Question

A dog sits 2.6 m from the center of a merry- go-round. a) If the dog undergoes a 1.7 m/s^2 centripetal acceleration, what is the dog's linear speed? Answer in units of m/s. b) What is the angular speed of the merry-go- round?
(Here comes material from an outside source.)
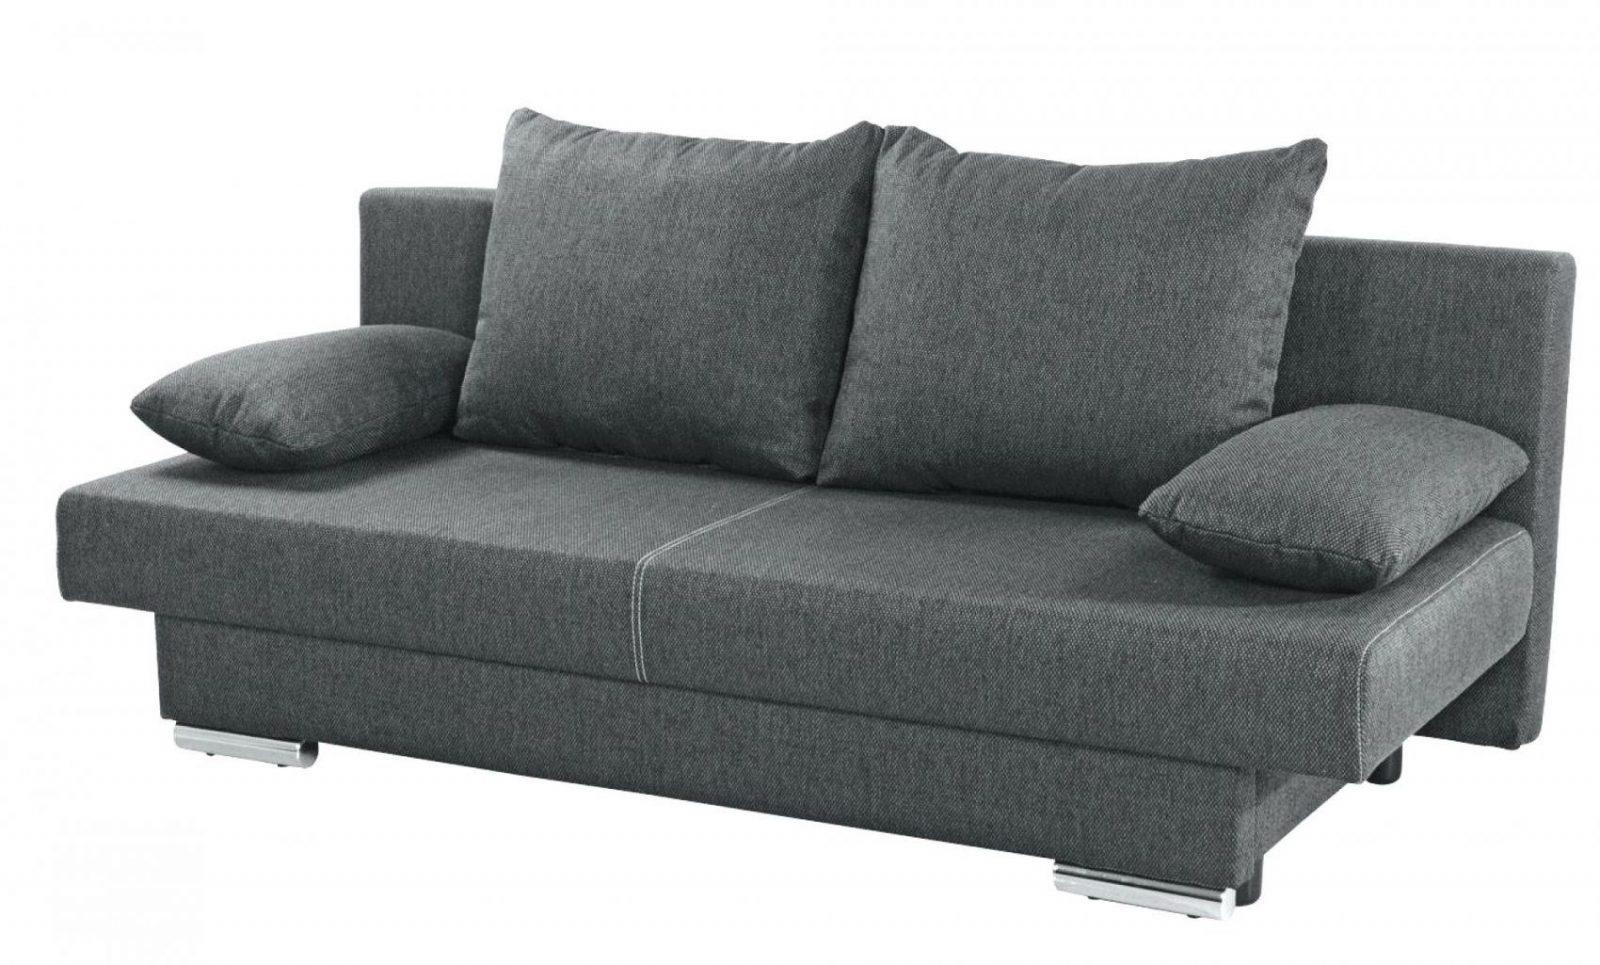 New Couch Poco  Homemaison von 2 Sitzer Sofa Poco Bild

Answer in units of rad/s.

Answer 1

Answer:

a) v= 2.1 m/s

b) ω = 0.807 rad/s

Explanation

Conceptual analysis :

The dog and the merry-go- round describes a circular motion, then, the following formulas apply :

$a_{c} =\frac{v^{2} }{r}$ Formula (1)

v = ω *r   Formula (2)

Where:

$a_{c}$ : Centripetal acceleration(m/s²)

v: linear speed or tangential (m/s)

r :  radius of the circle (m)

ω : angular speed ( rad/s)

Data

r= 2.6 m

$a_{c}$ =  1.7 m/s²

Problem develpment

a) We replace data in the formula 1 to calculate the dog's linear speed(v):

$a_{c} =\frac{v^{2} }{r}$

$1.7 =\frac{v^{2} }{2.6}$

$v^{2} =1.7*2.6 = 4.42$

$v=(\sqrt{4.42})\frac{m}{s}$

v= 2.1 m/s

b)We replace data in the formula 2 to calculate the angular speed of the merry-go- round (ω).

v = ω *r

2.1 = ω *2.6

ω = 2.1/2.6

ω = 0.807 rad/s